Concept Flow - Streaming joins

Start Streaming DataFrames

↓

Define Join Condition

↓

Apply Streaming Join

↓

Process Joined Stream

↓

Output Results Continuously

↓

End

Streaming joins combine two continuous data streams based on a condition, producing joined output as new data arrives.

Execution Sample

Apache Spark

stream1 = spark.readStream.format("socket").option("host", "localhost").option("port", 9998).load()
stream2 = spark.readStream.format("socket").option("host", "localhost").option("port", 9999).load()
joined = stream1.join(stream2, stream1.value == stream2.value)
query = joined.writeStream.format("console").start()

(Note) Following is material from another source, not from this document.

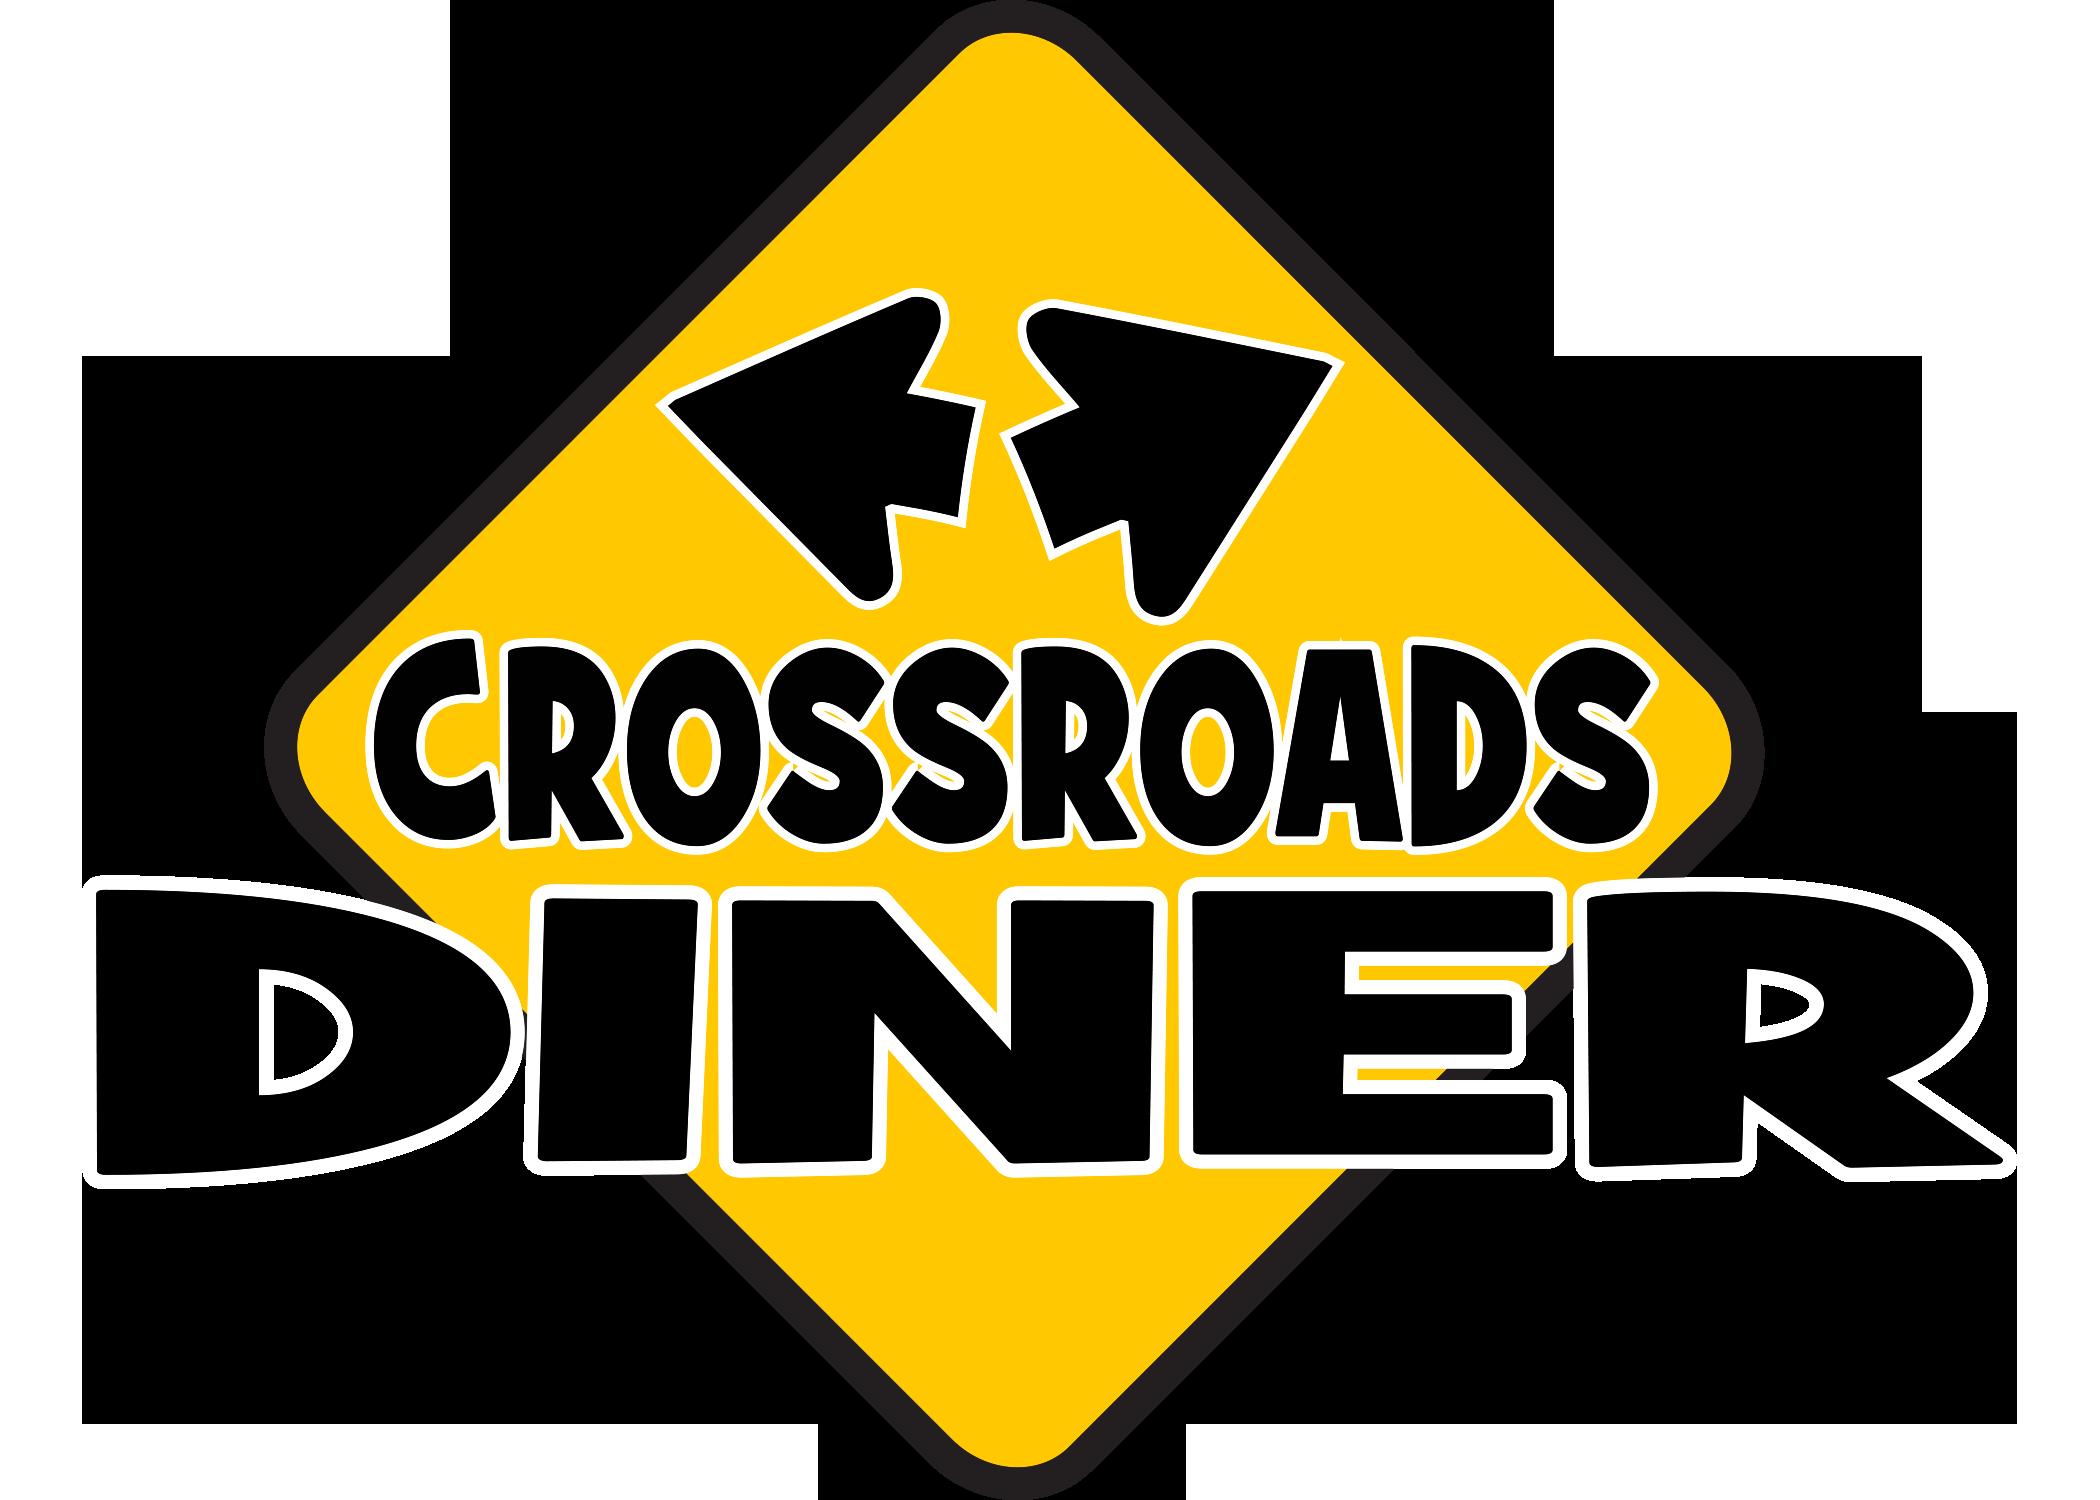 Diner clipart restaurant sign. Bethel me crossroads follow

This code reads two streaming sources from sockets, joins them on matching values, and outputs the joined data to the console continuously.

Execution Table

Step	Action	Input Data	Join Condition	Joined Output
1	Read first batch from stream1	["apple", "banana"]	N/A	N/A
2	Read first batch from stream2	["banana", "cherry"]	N/A	N/A
3	Apply join on stream1.value == stream2.value	stream1: ["apple", "banana"]; stream2: ["banana", "cherry"]	value equality	["banana"]
4	Output joined data to console	["banana"]	value equality	["banana"]
5	Read second batch from stream1	["date"]	N/A	N/A
6	Read second batch from stream2	["date", "apple"]	N/A	N/A
7	Apply join on new batches	stream1: ["date"]; stream2: ["date", "apple"]	value equality	["date"]
8	Output joined data to console	["date"]	value equality	["date"]
9	No more data, streaming continues waiting	N/A	N/A	N/A

💡 Streaming continues indefinitely; here we show two batches processed and output.

Variable Tracker

Variable	Start	After Step 1	After Step 2	After Step 3	After Step 5	After Step 6	After Step 7	Final
stream1_data	[]	["apple", "banana"]	["apple", "banana"]	["apple", "banana"]	["date"]	["date"]	["date"]	["date"]
stream2_data	[]	[]	["banana", "cherry"]	["banana", "cherry"]	["banana", "cherry"]	["date", "apple"]	["date", "apple"]	["date", "apple"]
joined_output	[]	[]	[]	["banana"]	["banana"]	["banana"]	["date"]	["date"]

Key Moments - 2 Insights

Why does the join output only show matching values from both streams?

What happens if one stream has data but the other does not?

Visual Quiz - 3 Questions

Test your understanding

Look at the execution table at step 3. What is the joined output?

A["banana"]

B["apple"]

C["cherry"]

D[]

Concept Snapshot

Streaming joins combine two live data streams by matching rows based on a condition.
They continuously output joined results as new data arrives.
Use Spark's readStream to read, join() to combine, and writeStream to output.
Only matching data from both streams appears in output.
Streaming joins run indefinitely until stopped.

Full Transcript

Streaming joins in Apache Spark combine two continuous data streams based on a join condition, such as matching values. The process starts by reading streaming data from two sources. Then, a join condition is defined, for example, matching the 'value' field in both streams. The join is applied continuously as new data arrives. Joined results are output continuously, for example, to the console. The execution table shows step-by-step how batches from each stream are read, joined, and output. Variables track the data in each stream and the joined output after each step. Key moments clarify why only matching values appear in the output and what happens if one stream lacks matching data. The visual quiz tests understanding of the joined output at specific steps and the effect of missing data. The snapshot summarizes the key points: streaming joins combine live data streams, output matching rows continuously, and require both streams to have matching data to produce output.